My Grandpa was everything to me. He was every holiday meal, every Saturday lunch. He would come over at noon on the dot and teasingly ask me, “What’s for lunch today?” and then feign surprise when I answered with the same statement every week; bologna, cheese, mustard and potato chip (salt and vinegar was the best flavor to add to the combination).
He and my mom would sit in the kitchen together, the only time the smell of coffee permeated our house. He had his own stash in our cupboard, waiting for his weekly visit. I loved listening to them discuss the world, the way it worked. I loved the way they talked their way into hope. My Grandpa tried the best he could to see the bright end of things. And if there wasn’t one, well, we’d get through it.

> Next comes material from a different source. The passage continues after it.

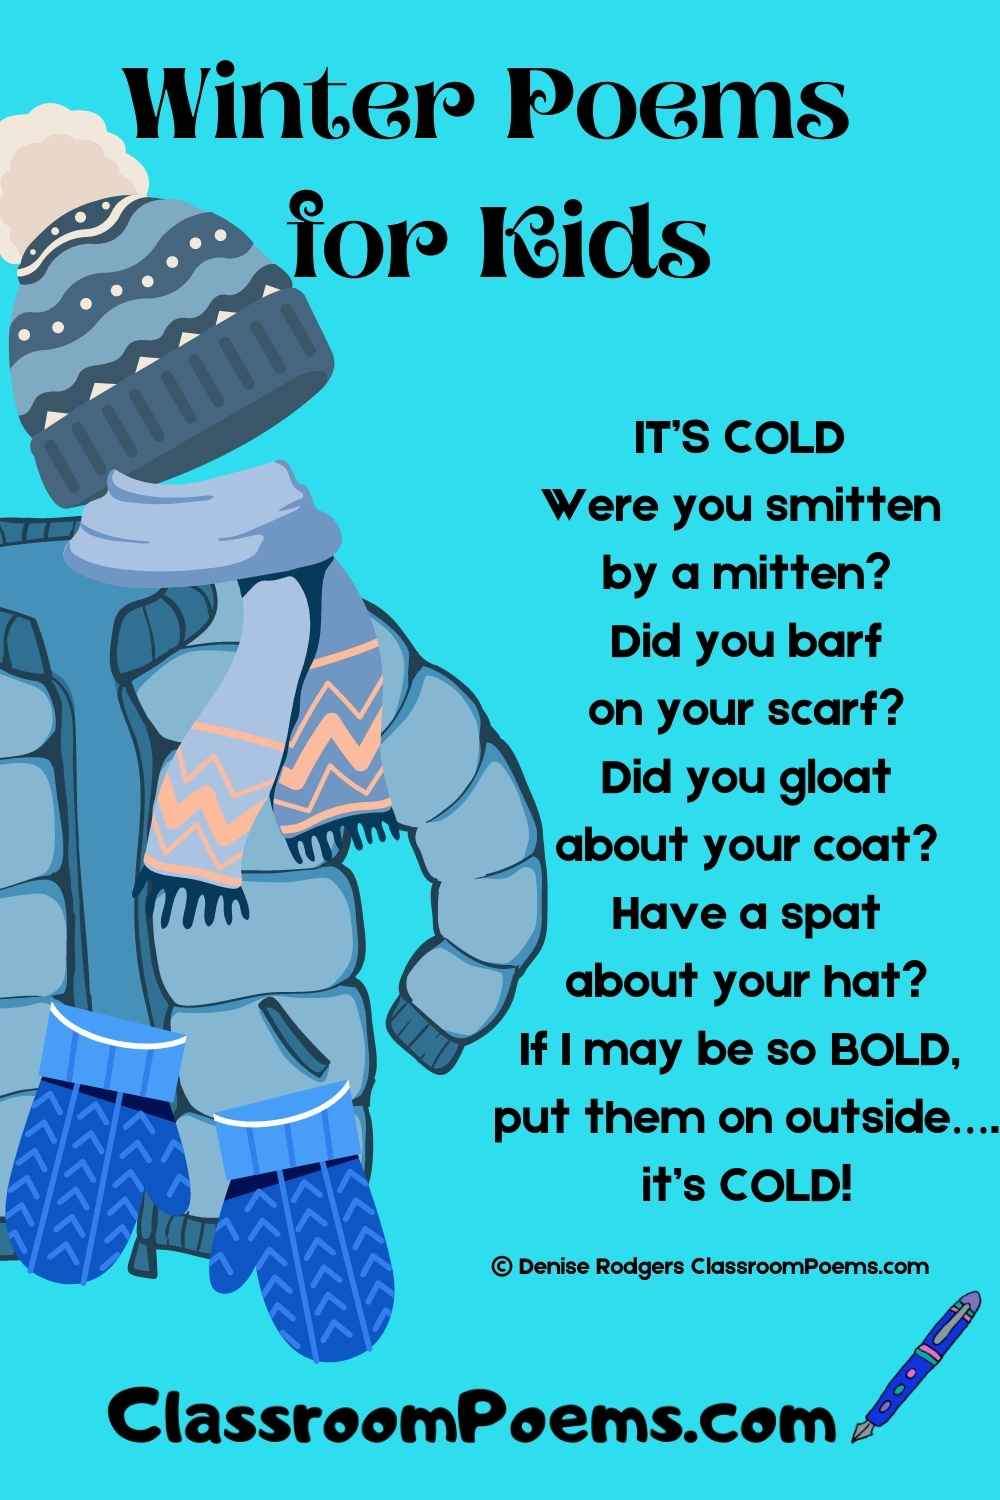 Winter Poems for Kids by Denise Rodgers on ClassroomPoems.com.

When I was a little girl, I remember lots of summer afternoons at their house, playing in the cool basement and watching Grandma and Grandpa work their garden in the back yard, Grandma in her terrycloth one-piece and Grandpa in his shorts and sunglasses. In my memory they are summer, fresh vegetables and warm afternoons filled with the fragrant smell of roses. They were the spirit of growing things.
We would often have family dinners together and I believed my Grandpa to be an accomplished baker. Grandma cooked dinner and Grandpa cooked dessert. After each meal he would pull out his latest creation and go on about how he had even put it in a special box that he found, to make it nice for us. I was a bit innocent as a child and didn’t notice what a handy coincidence it was that he happened to have a Sara Lee Coffee Cake box the same day he made us one.

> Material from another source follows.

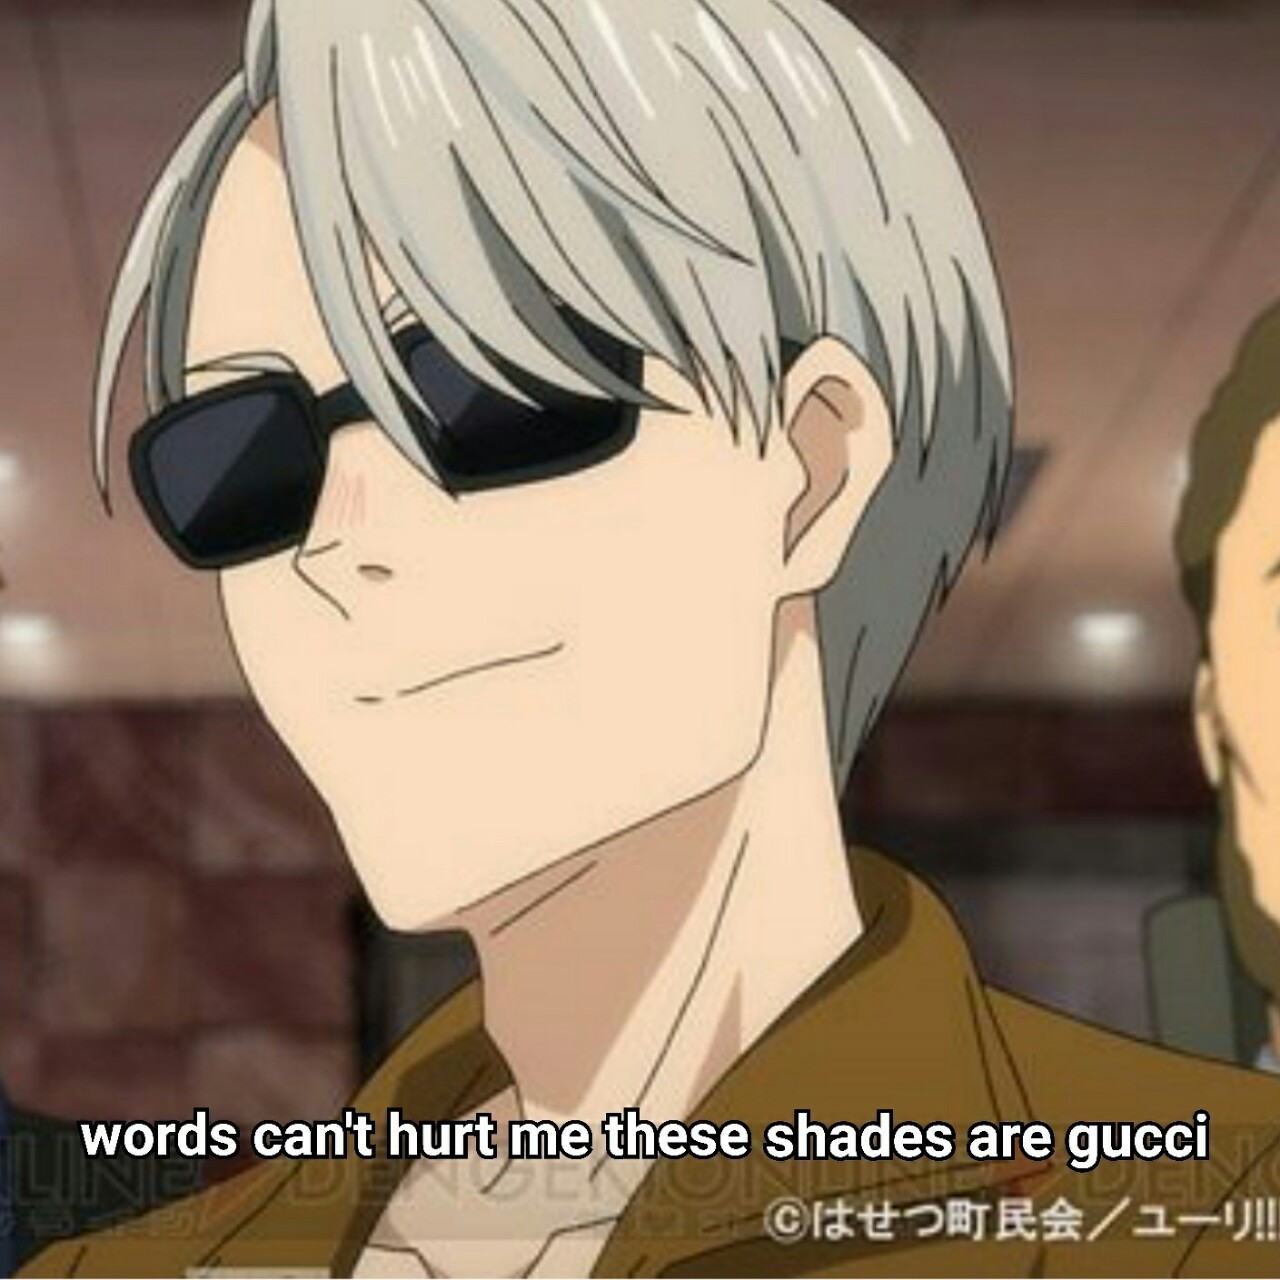 What The Kawoshin Actual Line From Yuri On Ice Episode 8

One night, he pulled out a cantaloupe and said he had grown it in one day, just for us. It took me a second. And I remember being afraid to contradict him, assuming I was wrong, because he would know, right? I told him matter-of-factly that cantaloupes couldn’t be grown in one day. It is the first memory I have of recognizing that the impish twinkle in his eye meant he was teasing or pulling my leg. There was a pause as the grown-ups realized I had accepted his stories all along, and there was some well-earned laughter at my expense. Thanks to Grandpa and his kitchen skills, one of my favorite desserts is a quarter slice of cantaloupe with a scoop of vanilla ice cream sitting in it.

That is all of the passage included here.